Third, ethnic networks and communities can have protective effects. In particular, they can
prevent adolescents from negative contextual influences, especially from adopting the
counterproductive attitudes or behavior of disadvantaged groups with whom they come into
contact. Immigrants do so more often than natives as they are more likely to grow up in
disadvantaged neighborhoods. In contrast to others, ethnic networks are particularly likely
to become protective shields against deprivation. This is because they tend to be denser
than other networks, which fosters intergenerational closure and facilitates both social
control and the enforcement of group norms (Portes & Rumbaut, 2001).

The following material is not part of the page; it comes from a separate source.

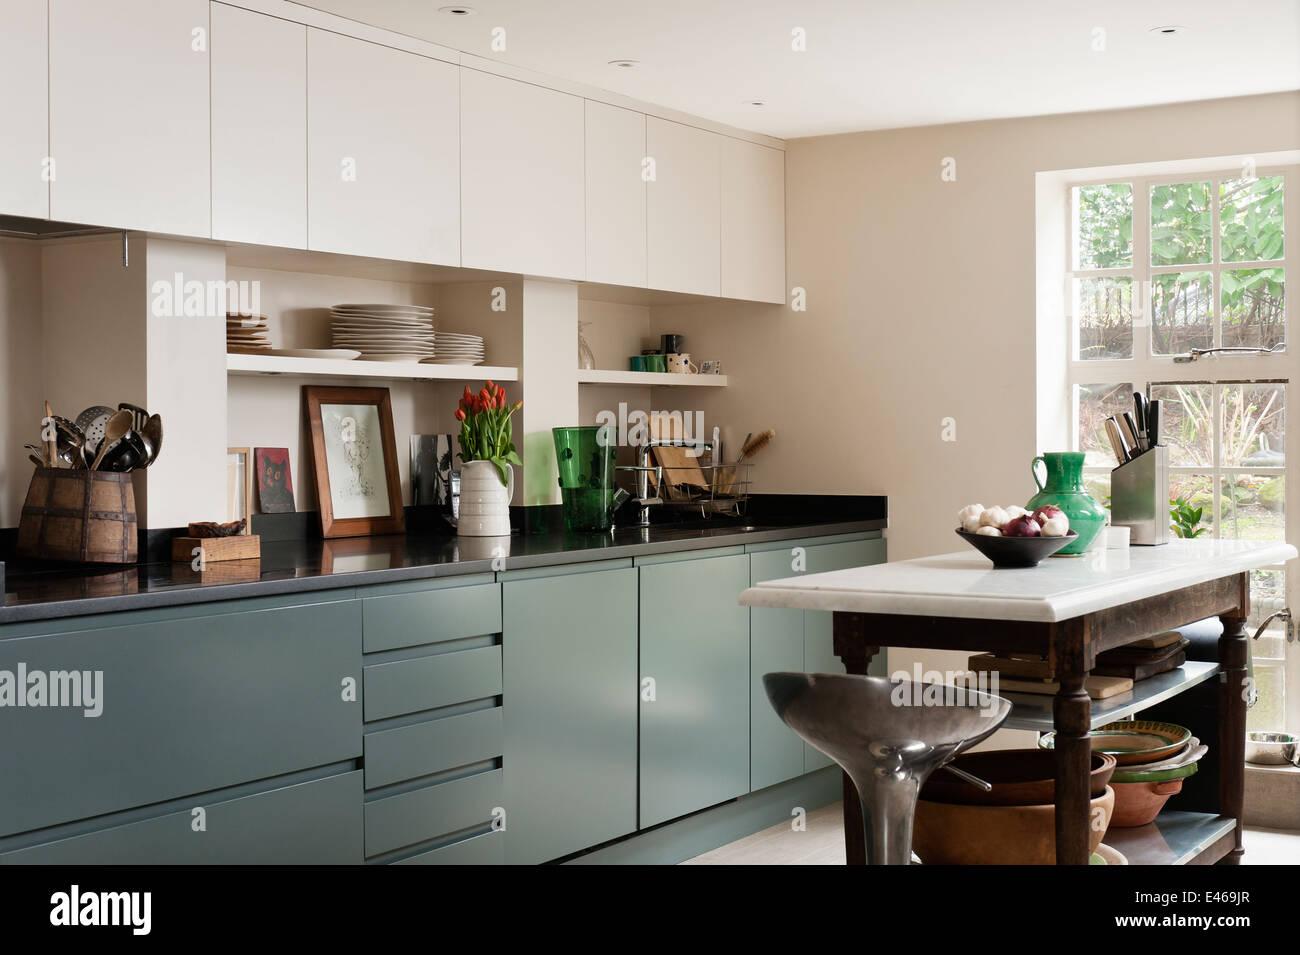 U küchen mit bar  London, Küche mit Insel und Bar Hocker Stockfoto, Bild: 71439391 - Alamy

Fourth, for similar reasons ethnic communities might be able to promote achievement
norms and values that favor educational and occupational attainment. Again, such
arguments have mainly been pushed forward for the U.S., where Asian-Americans are seen
as the prime example of (educational) success against the odds (cf. e.g., Zhou & Bankston,
1994; Zhou & Xiong, 2005). Similarly, Shah, Dwyer & Modood (2010) identify shared norms
in Pakistani families in the U.K. as crucial factors that help understand why Pakistani student
aim for better education than other groups.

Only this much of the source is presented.